*** DATA SEGMENT ***

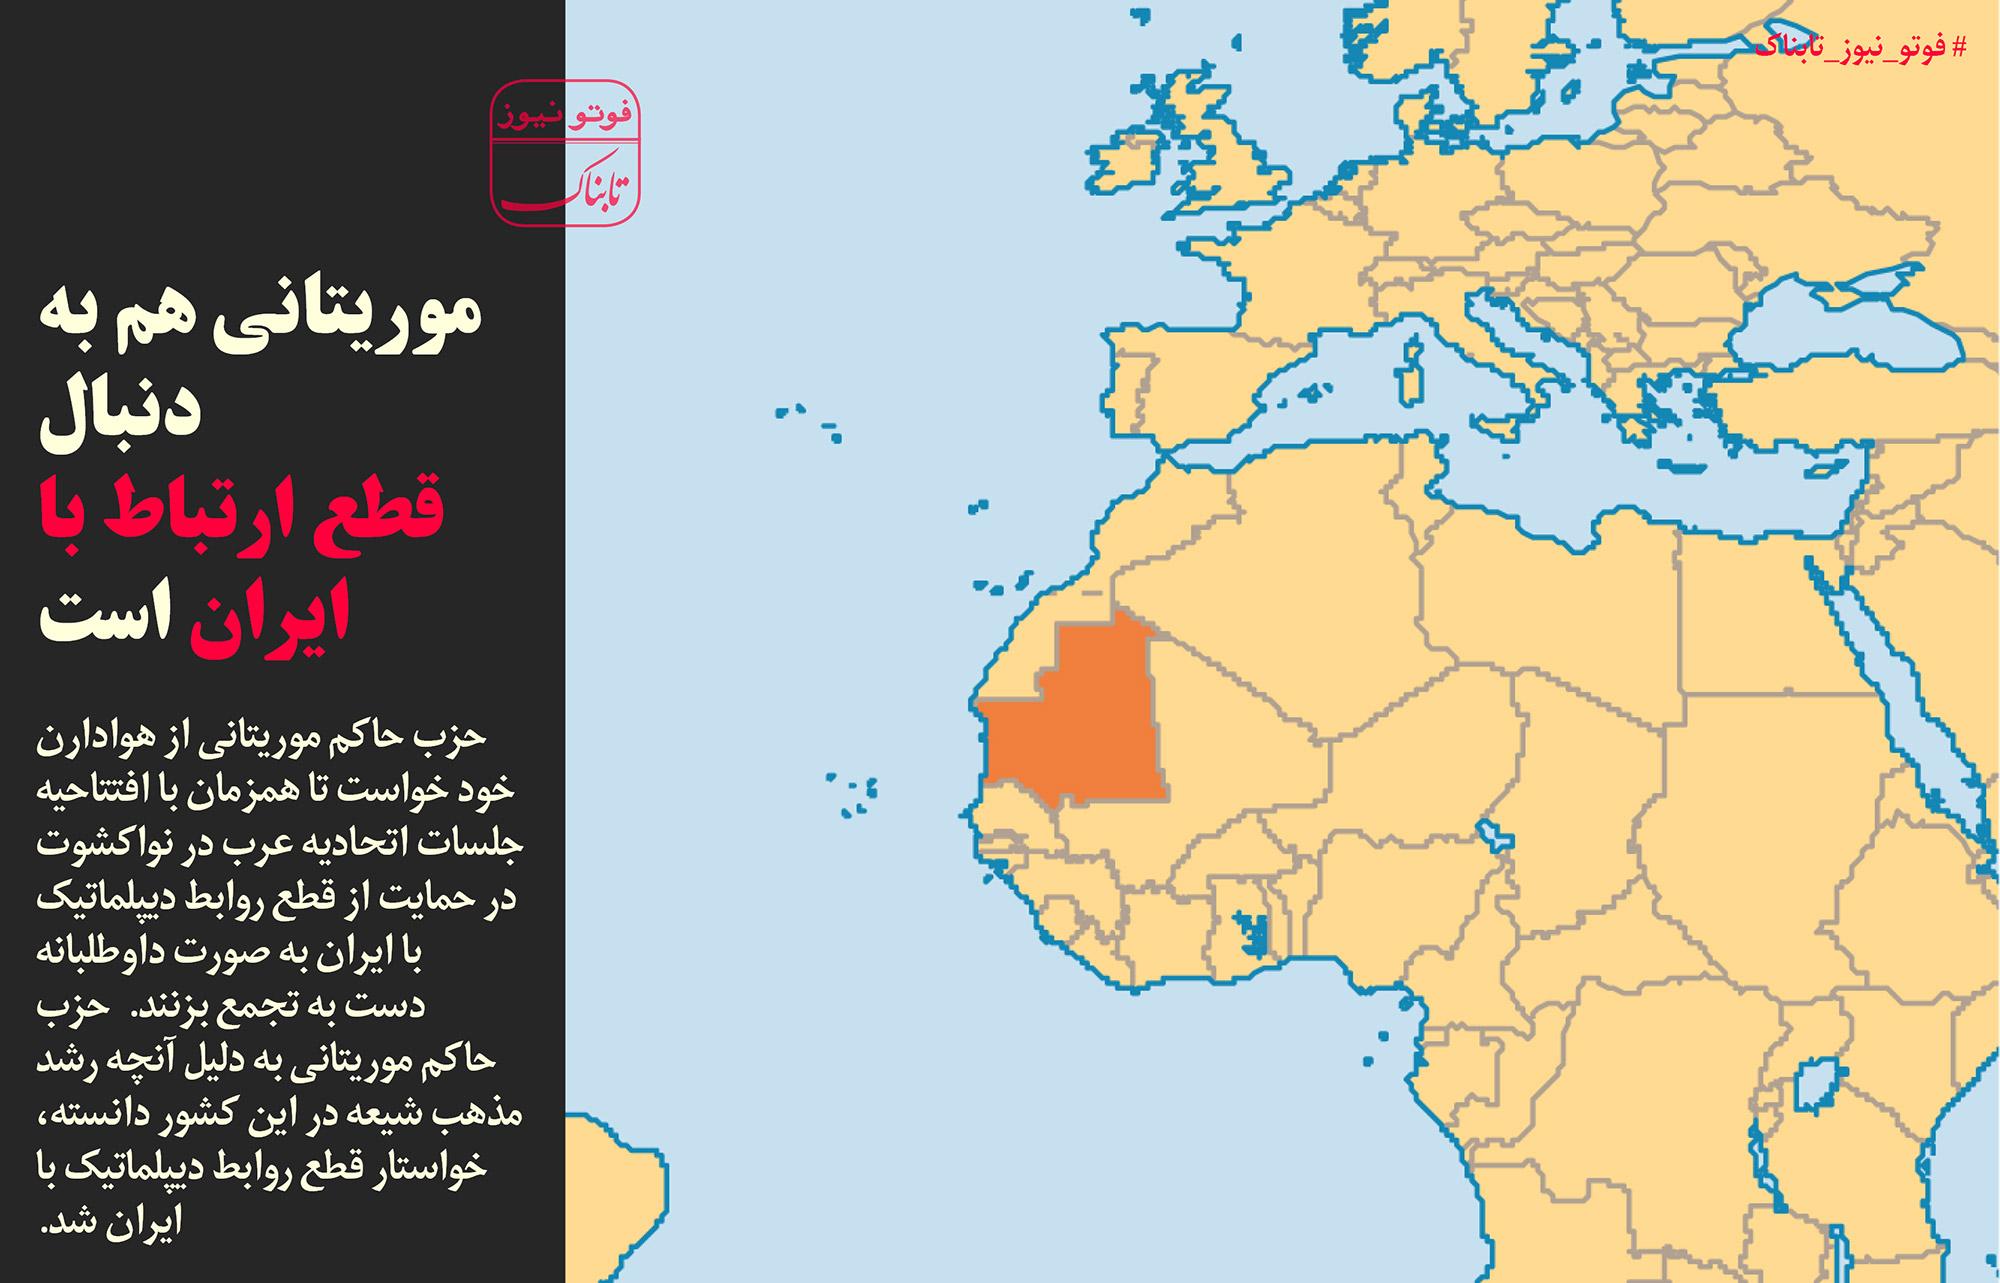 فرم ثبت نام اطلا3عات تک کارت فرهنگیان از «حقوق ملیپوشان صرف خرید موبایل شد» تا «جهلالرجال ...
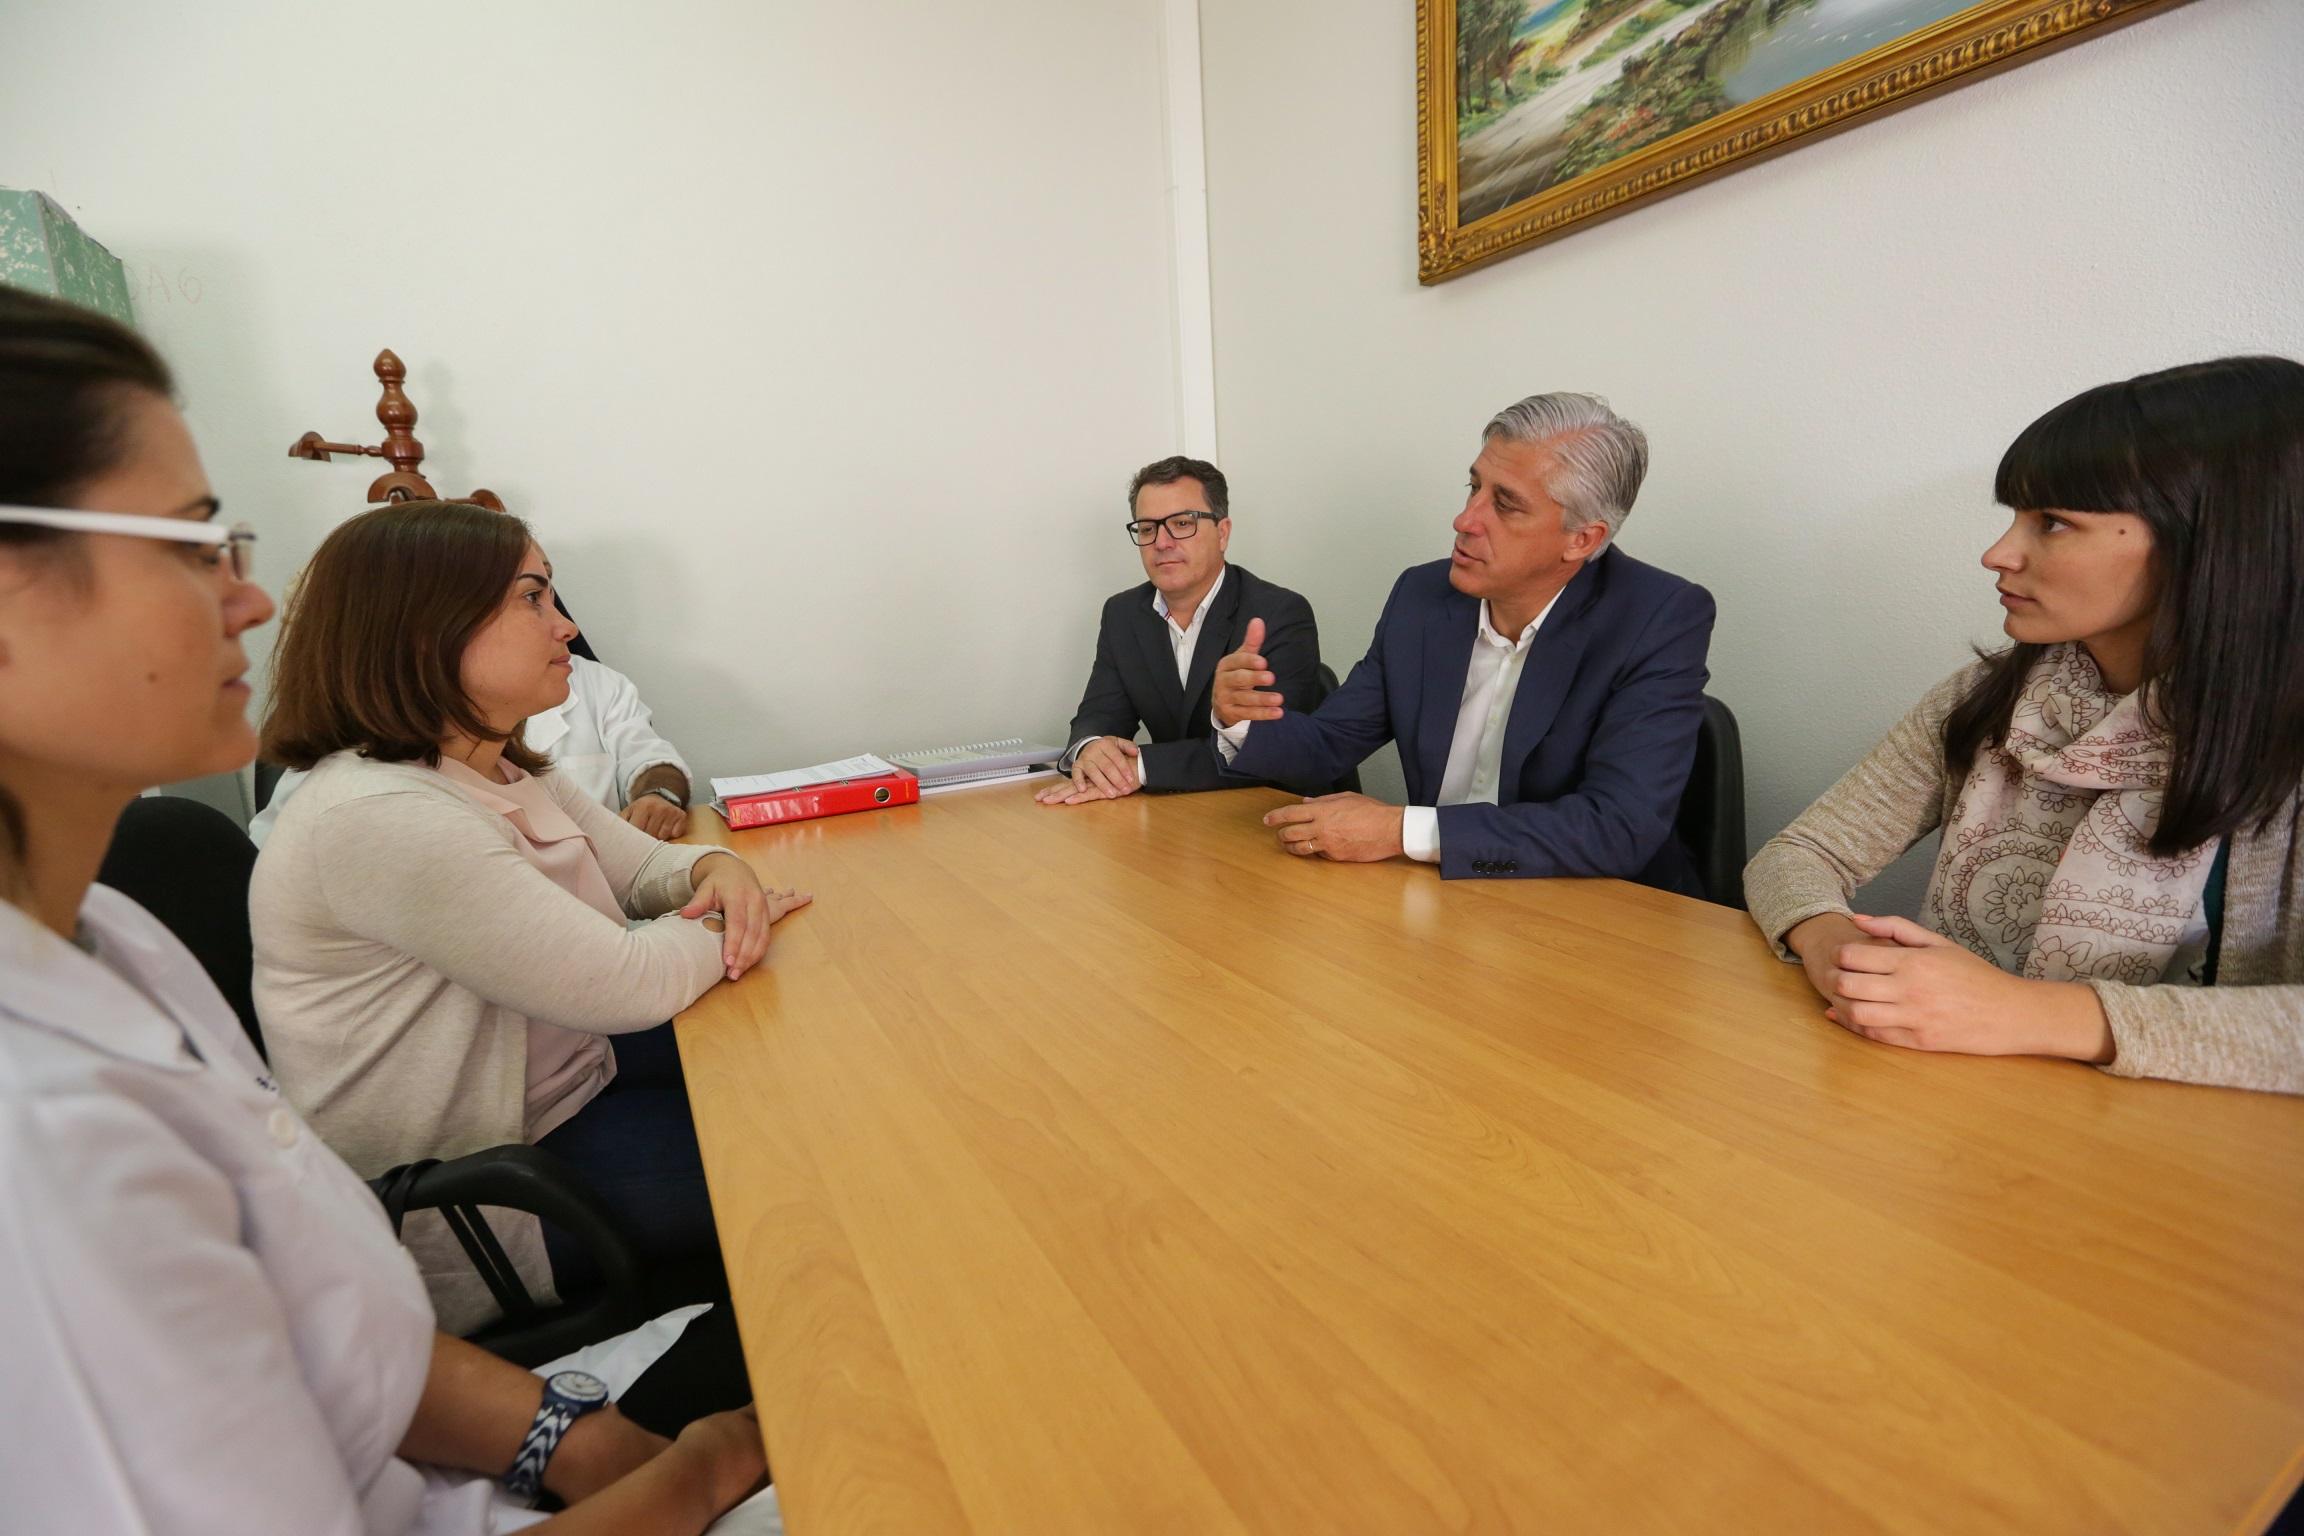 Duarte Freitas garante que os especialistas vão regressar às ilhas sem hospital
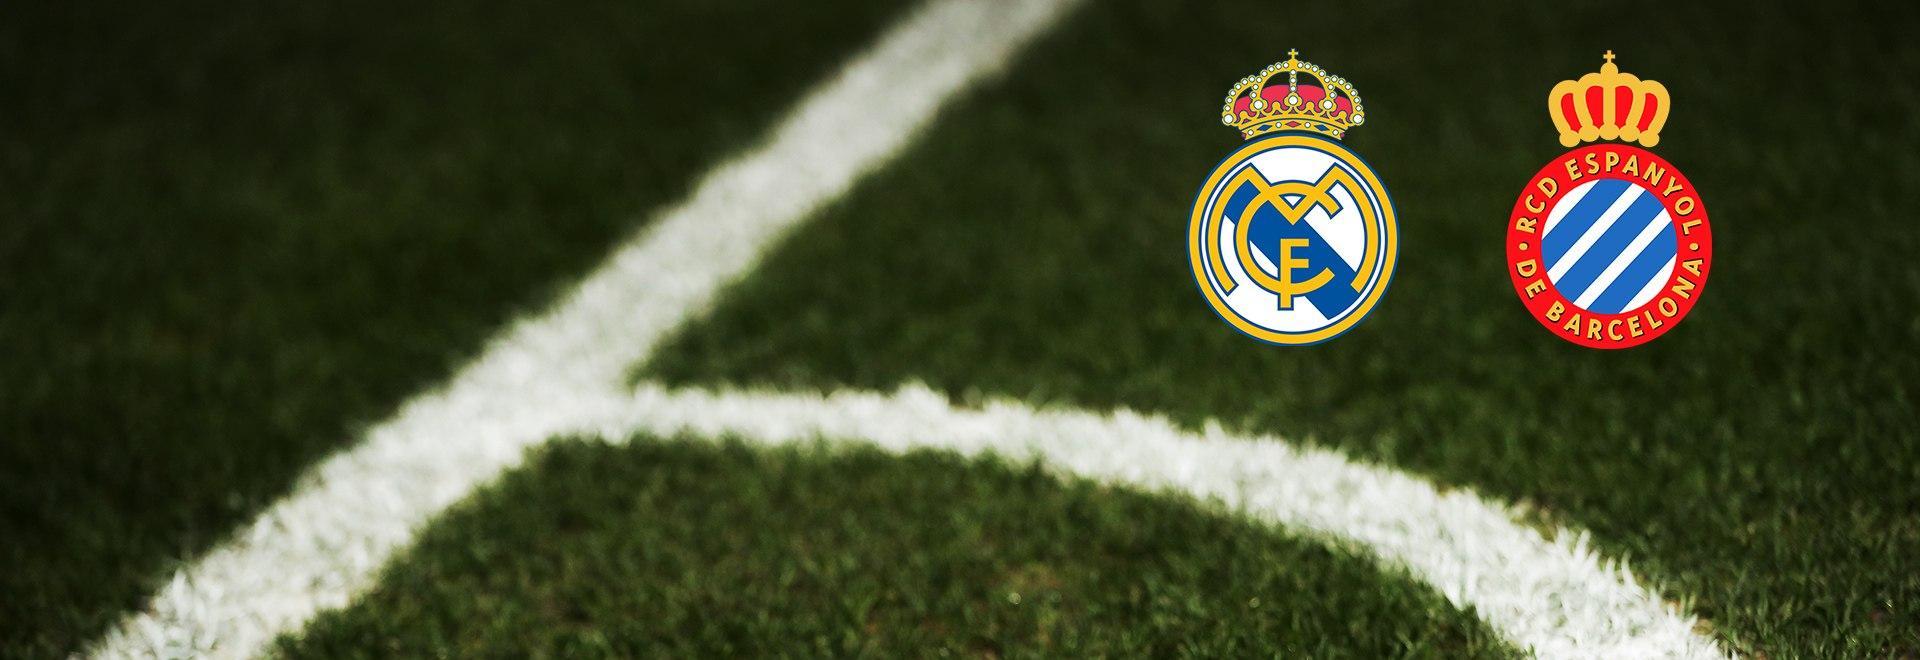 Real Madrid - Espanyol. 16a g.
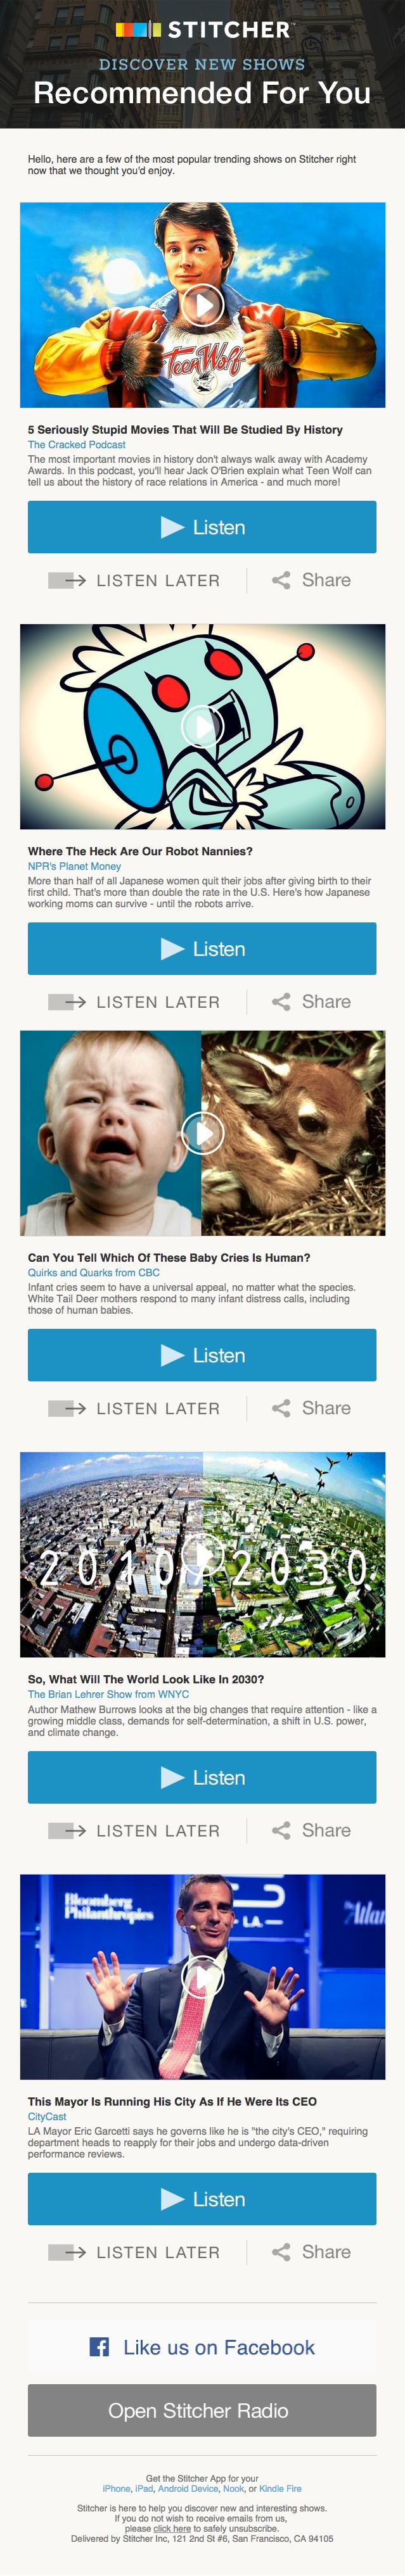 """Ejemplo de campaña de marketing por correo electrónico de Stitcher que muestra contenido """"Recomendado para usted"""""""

*** End of DATA SEGMENT ***

## WHAT IS REQUIRED
Return the lines above exactly; the images are not part of the copy.

## RESPONSE
 فرم ثبت نام اطلا3عات تک کارت فرهنگیان از «حقوق ملیپوشان صرف خرید موبایل شد» تا «جهلالرجال ...
 Duarte Freitas garante que os especialistas vão regressar às ilhas sem hospital
 Real Madrid - Espanyol. 16a g.
 """Ejemplo de campaña de marketing por correo electrónico de Stitcher que muestra contenido """"Recomendado para usted"""""""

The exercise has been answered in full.